Dennis Oland, who was convicted for the second-degree murder back in 2011, sat with calm expression on his face as his bail release for appeal for the crime got denied by the judge.
American readers may be surprised by this decision, but crown takes its law very strictly. In fact there hasn’t been a granted bail for convicted murderer In New Brunswick. And on the soil of Canada only 21 bails was granted for convicted murderers, and all of those cases had some special reasons for bail.
The defense provided a 65-page essay that confirmed that Mr. Oland fulfilled all requirements for bail, but apart from regular requirements which he passed; judge decided that the bail is denied because releasing him would send wrong message about the court to the public. This means that the confidence of people in the high ranking members of court may be undermined by the release of Mr. Oland.
Mr. Oland has a support of his family on his side and they believe that he was wrongfully convicted and that the appeal will bring justice and release of Mr. Oland. Family and Oland’s lawyer demanded that the impact on the community that Oland’s release should be determined by the community and not by judge. In support of this statement they have provided several letters of support for Mr. Oland that came from different sides and in which people demanded the approval of the bail for him.
Court has refused to deal with it, and the spokesman of the court said that the next hearing of Mr. Oland will be through his appeal.
One San Diego Criminal defense lawyer said that this isn’t anything surprising. If you look in the history you will find that the law is strict when it is concerned with convicted murderers, and obviously that works which is a reason it shouldn’t change was a context of everything this lawyer said about this case.read more
M r. Samuel Devlin was charged with possession of explosive substance that was found in his hotel room. In 20124 he was found innocent on the charge of unlawful possession of the explosive substance (in that case it was PETN).
In a case for which he filed an appeal and requested the inadmissibility of evidence it was done for detonating cord and his DNA. His DNA was taken by garda and two samples of detonating cord were found, one in his apartment and second one in a bag he threw to the dumpster. There was surveillance on him and an officer saw him go out of the back of the hotel on a bicycle and the bag in question was with him. Officer followed him and after MR. Devlin threw the bag, he retrieved it.
Demand for determination of admissibility of evidence was done voir dire which means out of the courtroom in private. Defending lawyer stated that DNA should be out of evidence because the garda didn’t inform Mr. Devlin that the DNA he provided might be used against him in the court. Judge determined that Mr. Devlin complied with the request to provide his DNA.
When defending lawyer came to the case of detonating cord he demanded that it must be erased from evidence list because it was already destroyed. It was indeed destroyed by a member of Irish army due to safety measures. But a sample of that cord was saved for evidence and including the testimony of Det. Barry the request was denied and the judge determined that all those things are still part of the evidence.

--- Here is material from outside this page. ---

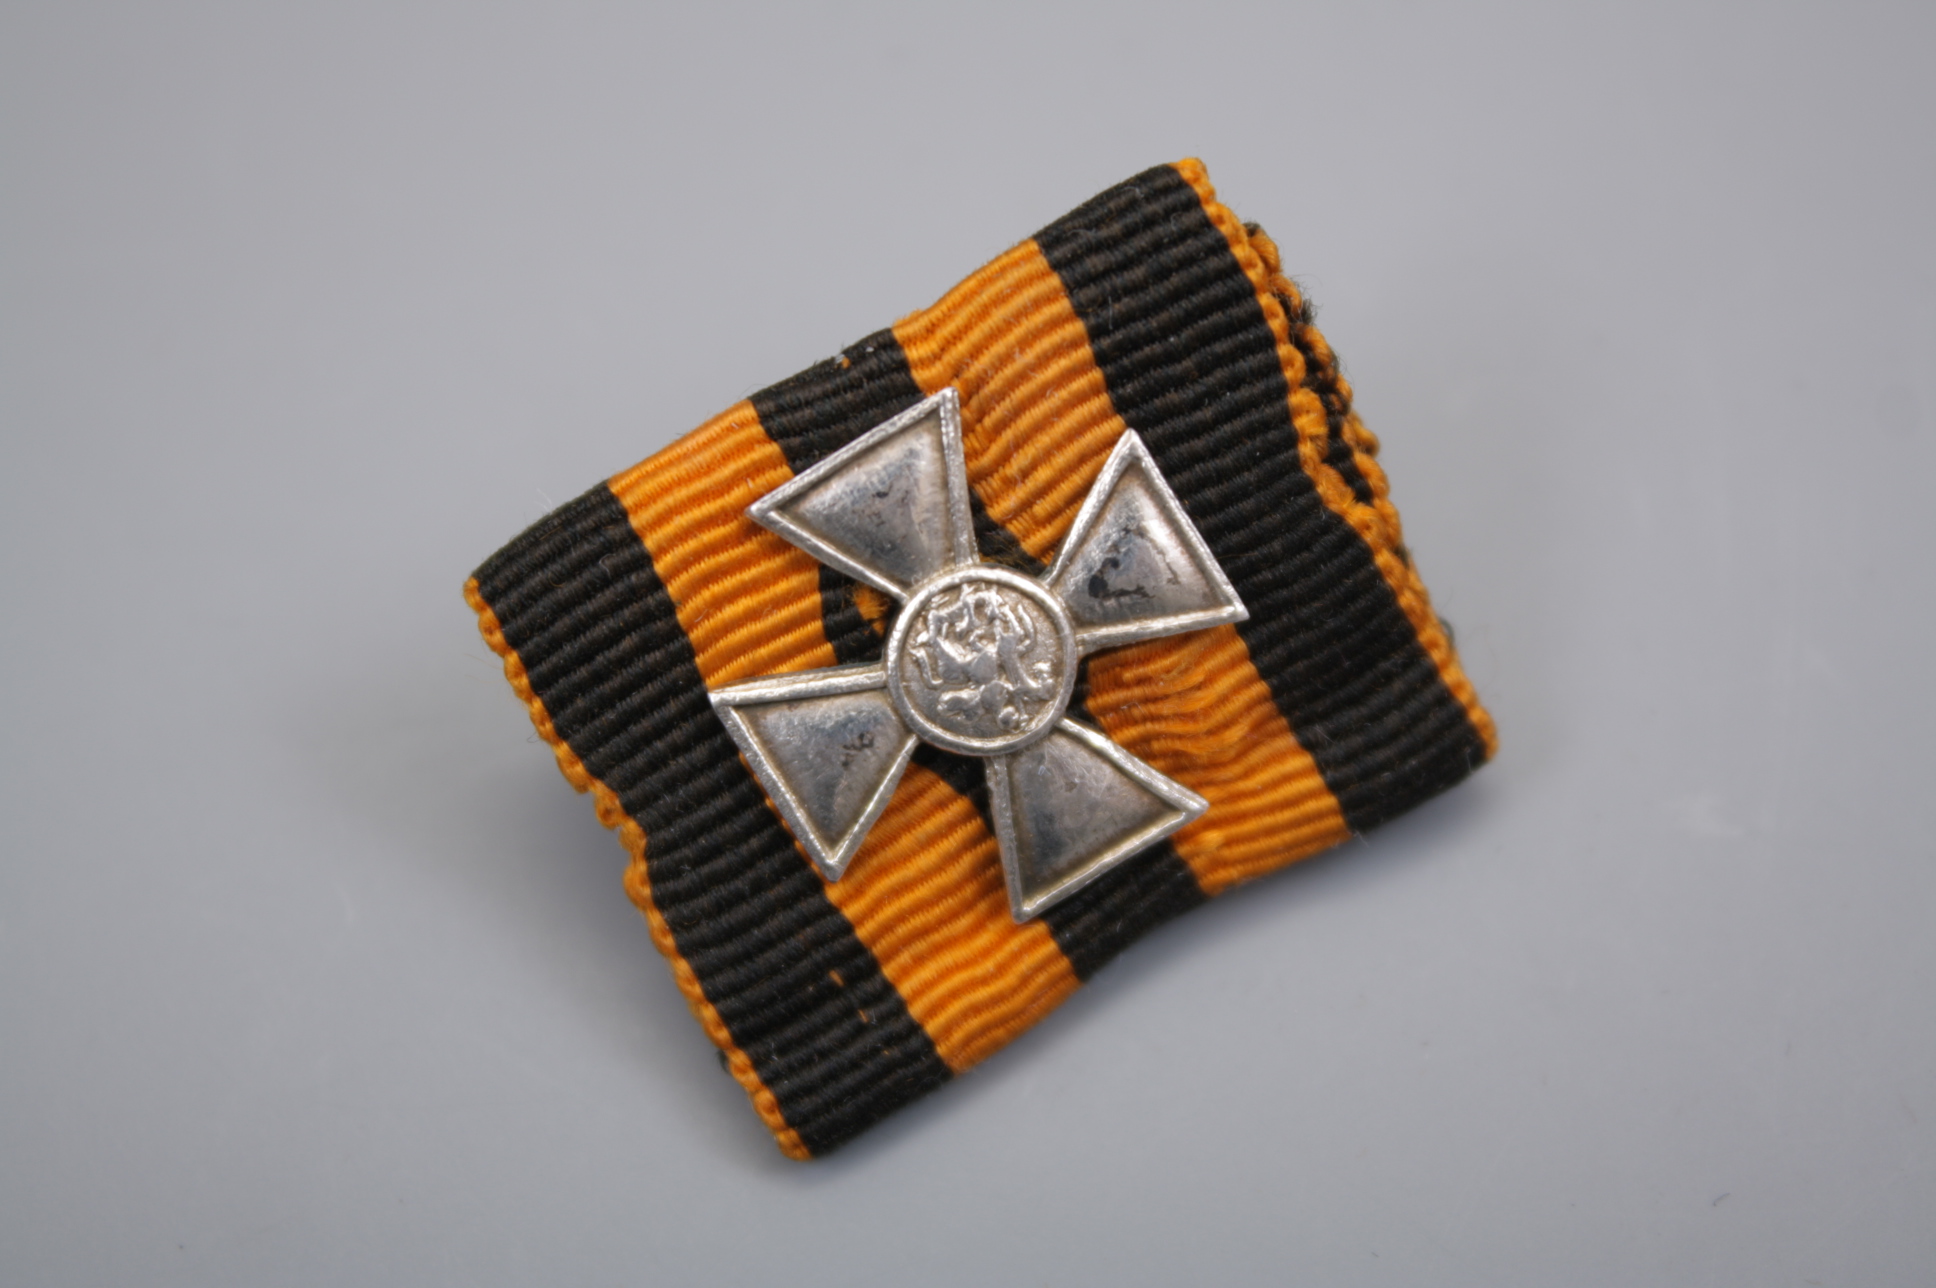 Фрачный знак отличия Военного ордена Св. Георгия (Георгиевский крест), Российская Империя.

This might be just a case of a man who likes playing with explosives, but it also can be a case of terrorism, so court has to make sure to unravel as much evidence as they can.read more
Once Steven Lloyd Currie faces court it will be a closure of a RCMP undercover operation that has been going since 2012. This operation resulted in conviction of seven out of eight people that were involved. There was also a ninth person who is has arrest warrant on his back.
Four out of five street level couriers were sentenced for different, but similar conditional sentences that include house arrest and probation terms. They were charged for drug trafficking for which they pleaded guilty.
Richard Crawford, a leader of this cocaine ring was sentenced for five years behind bars and Jean-Claude Auger, who was a cocaine wholesaler received four years long sentence.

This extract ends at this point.